I recently discovered an equation that can represent cubes:
$$N + 6\sum_{n = 1}^N \frac{n(n-1)}{2} = N^3$$
I don't know how to prove it but it is accurate for all values of $N$ that I try. So my questions are:
Is it accurate?
If yes, then
Has it been identified before?
How could it be used in mathematics?
On
Here's an inductive proof:
The equation is "trivial" for $ \ N = 1 \ \ , $ since $ \ \sum_{n = 1}^1 \frac{n(n-1)}{2} \ = \ \frac{1·0}{2} \ \ . $ We'll start from $ \ N = 2 \ \ $ for which $ \ 2 \ + \ 6 · \sum_{n = 1}^2 \frac{n(n-1)}{2} \ = \ 2 \ + \ 6 · \left[ \frac{1·0}{2} + \frac{2·1}{2} \right] \ = \ 2 \ + \ 6·1 \ = \ 8 \ = \ 2^3 \ \ . $
We suppose it to be true that $ \ N \ + \ 6·\sum_{n = 1}^N \frac{n(n-1)}{2} \ = \ N^3 \ \ . $ For the next integer $ \ (N+1) \ \ , $ $$ \ (N + 1) \ + \ 6·\sum_{n = 1}^{N + 1} \frac{n(n-1)}{2} $$ $$ = \ \ \left[ \ \underbrace{N \ + \ 6·\sum_{n = 1}^{N} \frac{n(n-1)}{2}}_{N^3} \ \right] \ + \ 1 \ + \ 6·\left[ \ \frac{(N+1)·([N+1]-1)}{2} \ \right] $$ $$ = \ \ N^3 \ + \ 1 \ + \ 3·(N+1)·N \ \ = \ \ N^3 \ + \ 1 \ + \ 3·N^2 \ + \ 3·N \ \ = \ \ (N+1)^3 \ \ . \ \ \blacksquare $$
The fact that $ \ \frac{N·(N-1)}{2} \ $ is a "triangular" number and so $ \ \sum_{n = 1}^{N} \frac{n·(n-1)}{2} $ produces the "tetrahedral" numbers leads me to believe that there may be a "visual" proof ("proof without words"), but I haven't found a reliable one so far.

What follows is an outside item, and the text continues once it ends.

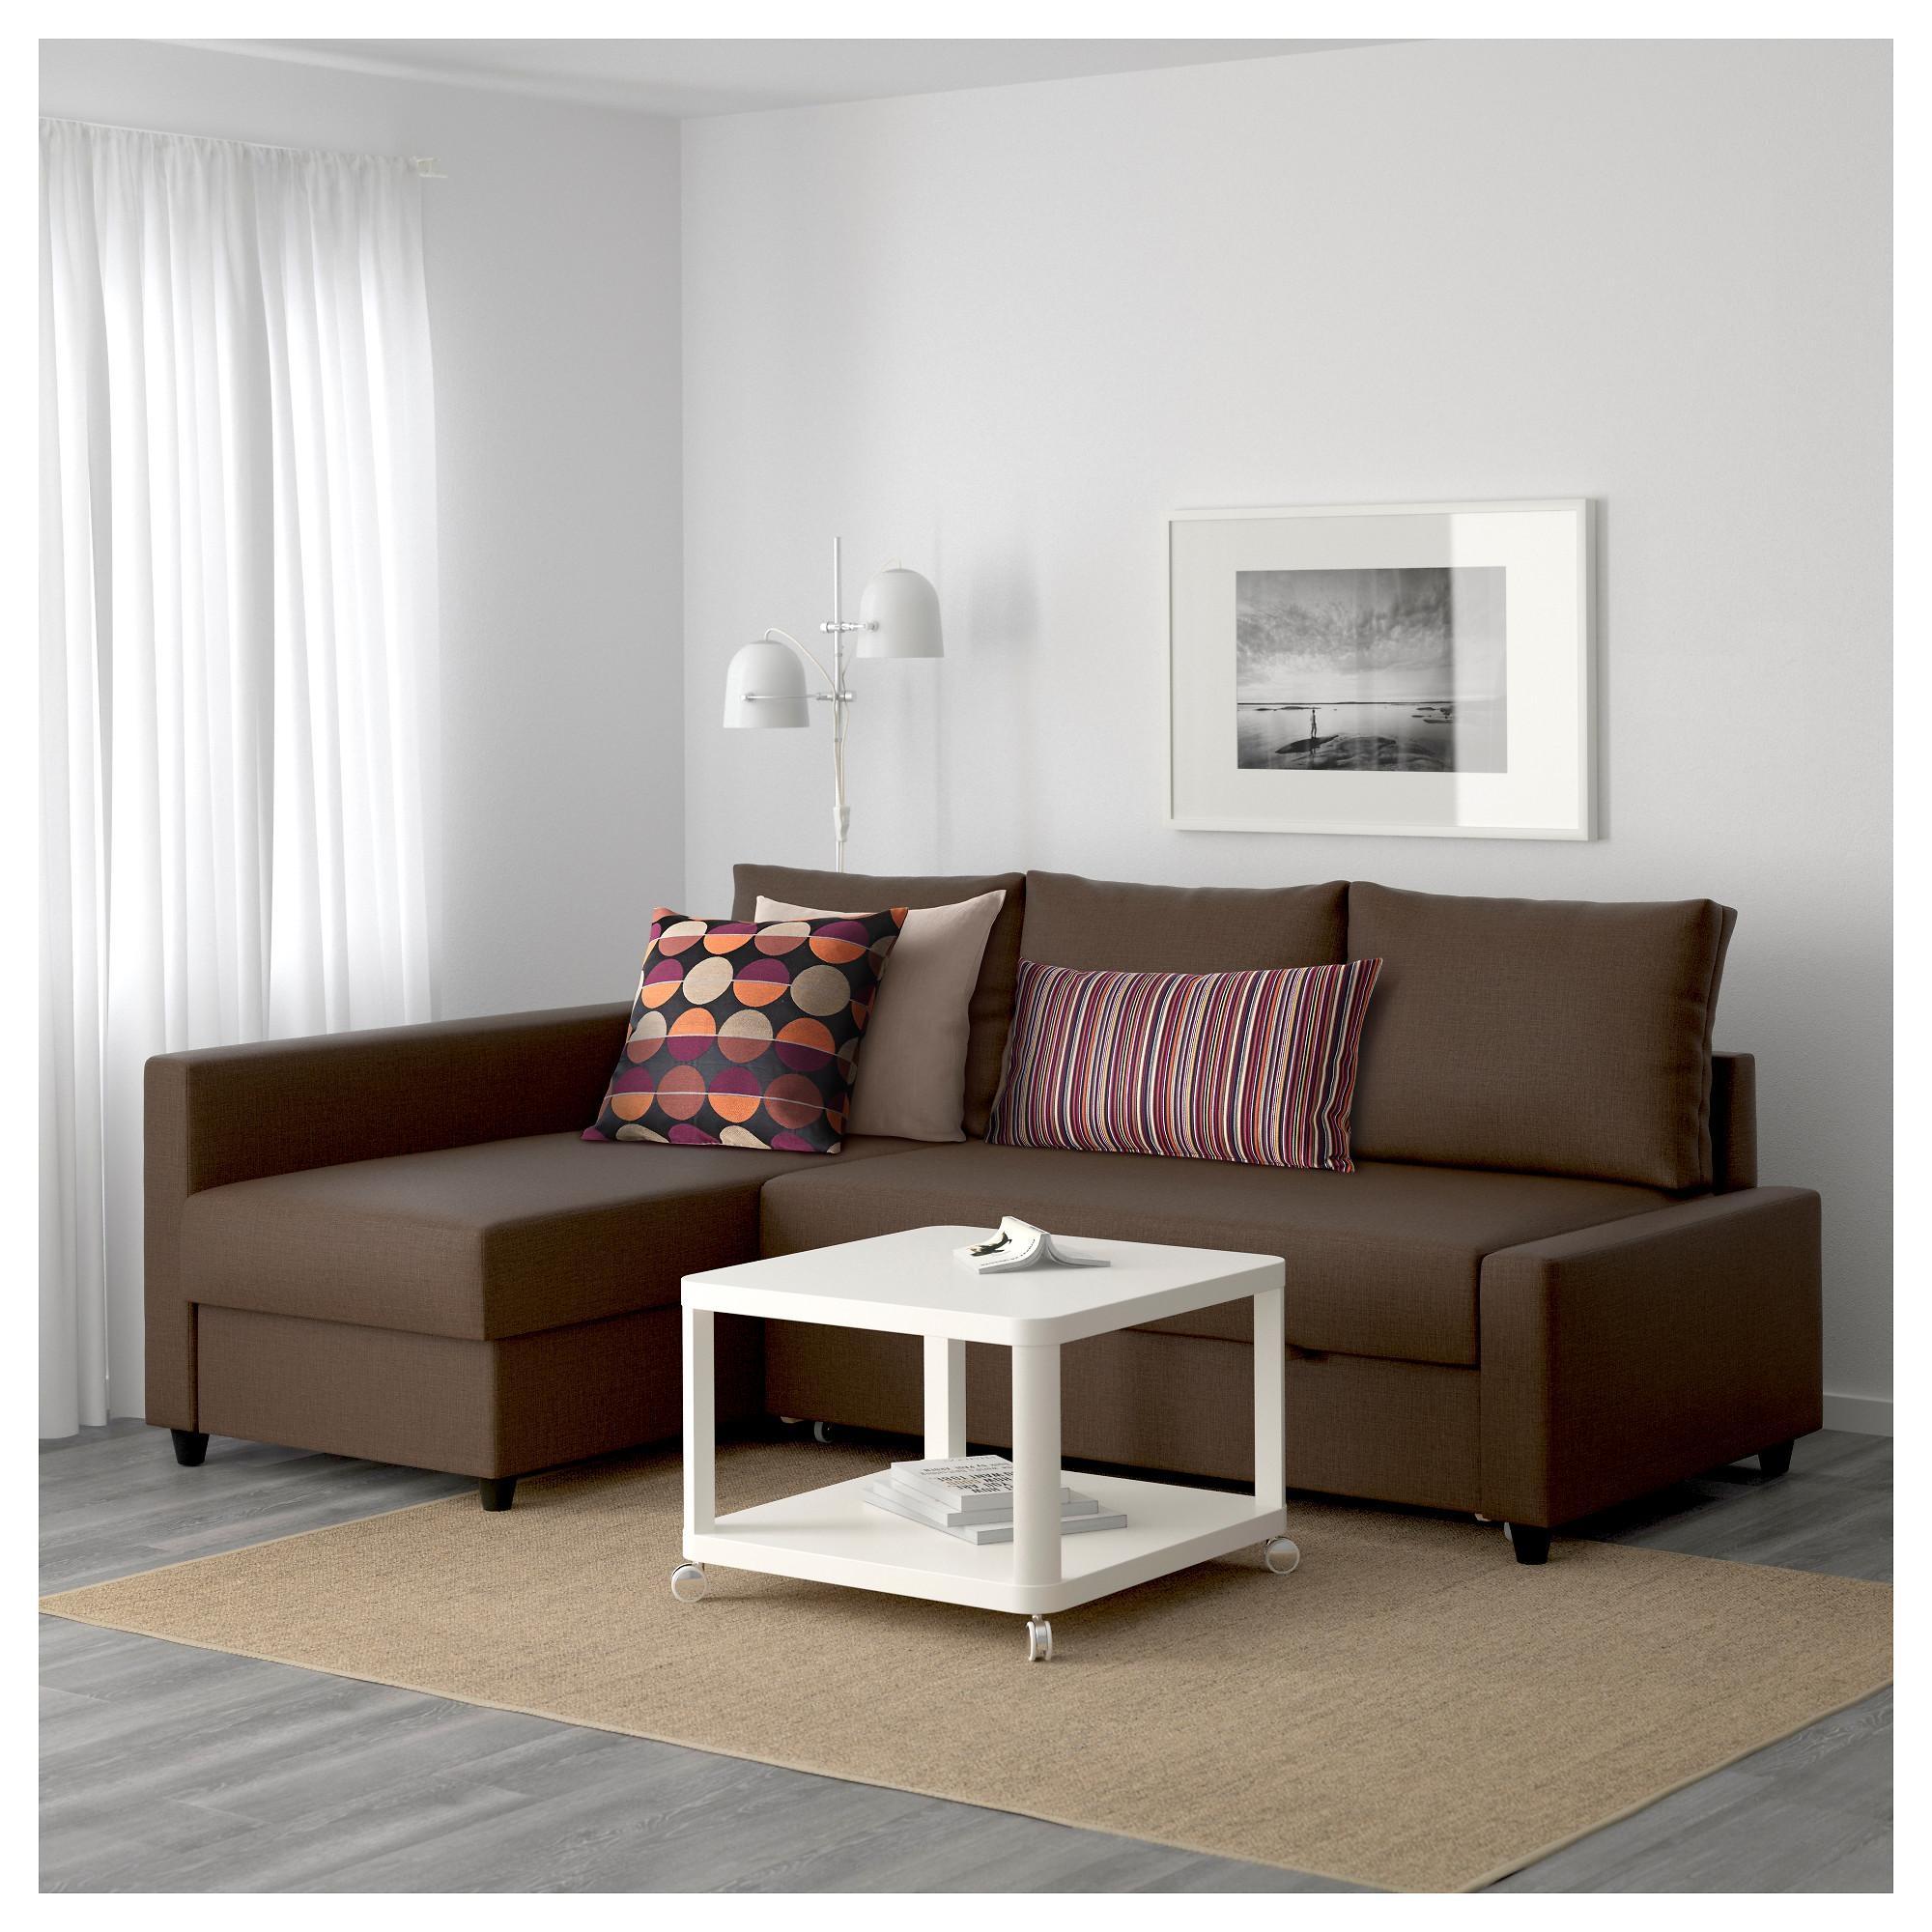 Friheten Corner Sofa Bed With Storage Skiftebo Brown – Ikea With Regard To Storage Sofa Ikea (Image 5 of 20)
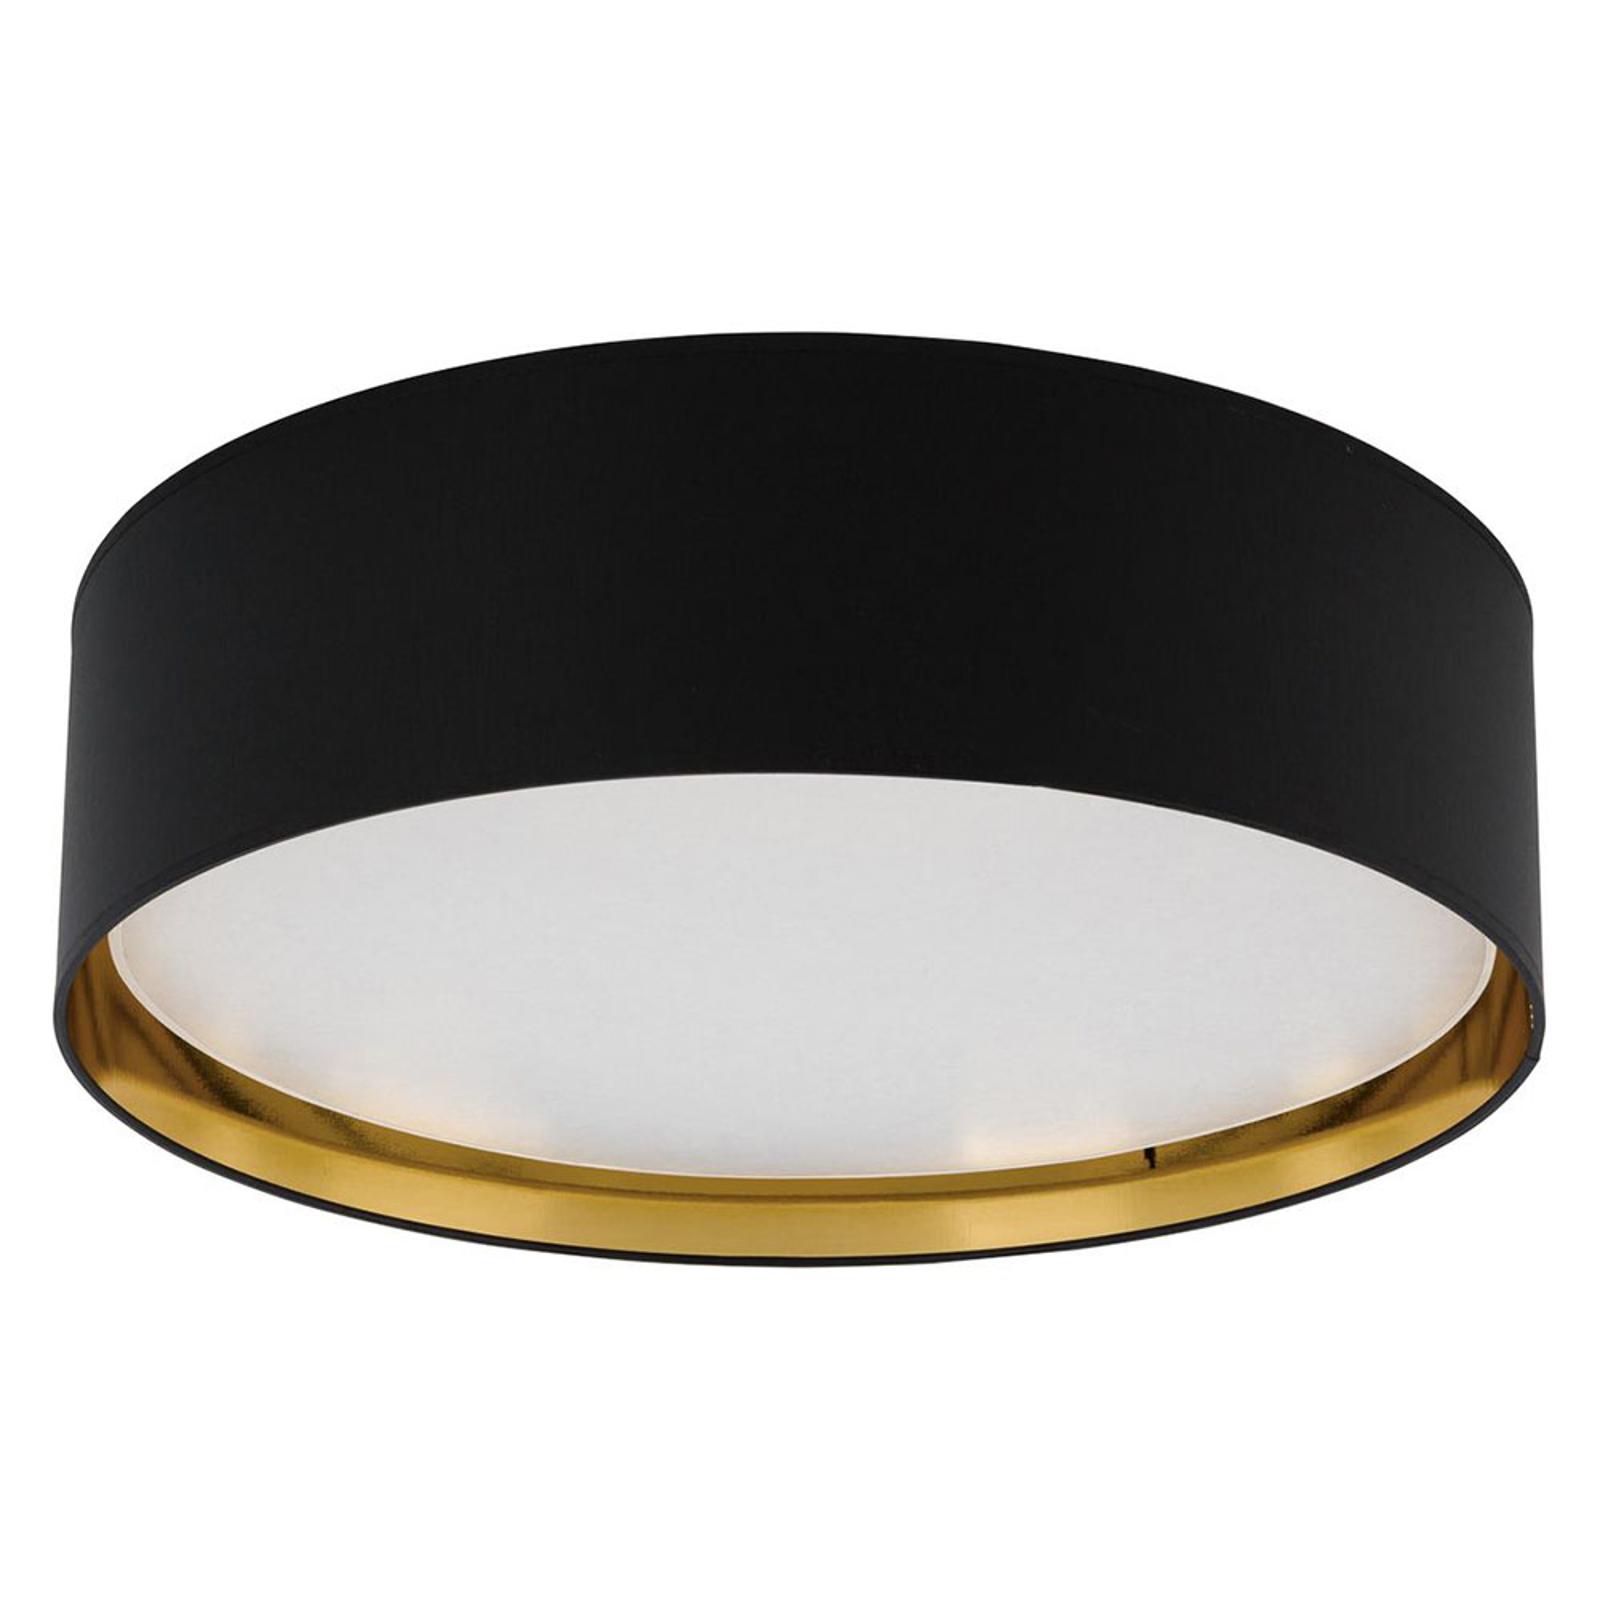 Plafondlamp Bilbao, Ø 60 cm, zwart/wit

$N + 6\sum_{n = 1}^N \frac{n(n-1)}{2}$
$N + 3\sum_{n = 1}^N {n(n-1)} $
$N+3\sum_{n = 1}^N n^2-n=N+3\bigg(\frac{(N)(N+1)(2N+1)}{6}-\frac{(N)(N+1)}{2}\bigg)$
$N+3\sum_{n = 1}^N n^2-n=N+\bigg(\frac{(N)(N+1)(2N+1)}{2}-\frac{3(N)(N+1)}{2}\bigg)$
$N+3\sum_{n = 1}^N n^2-n=N+\bigg(\frac{(N)(N+1)(2N-2)}{2}\bigg)$
$N+3\sum_{n = 1}^N n^2-n=N+\bigg(N(N+1)(N-1)\bigg)$
$N+3\sum_{n = 1}^N n^2-n=N(1+N^2-1)=N^3$
$\text{Hence Proved}$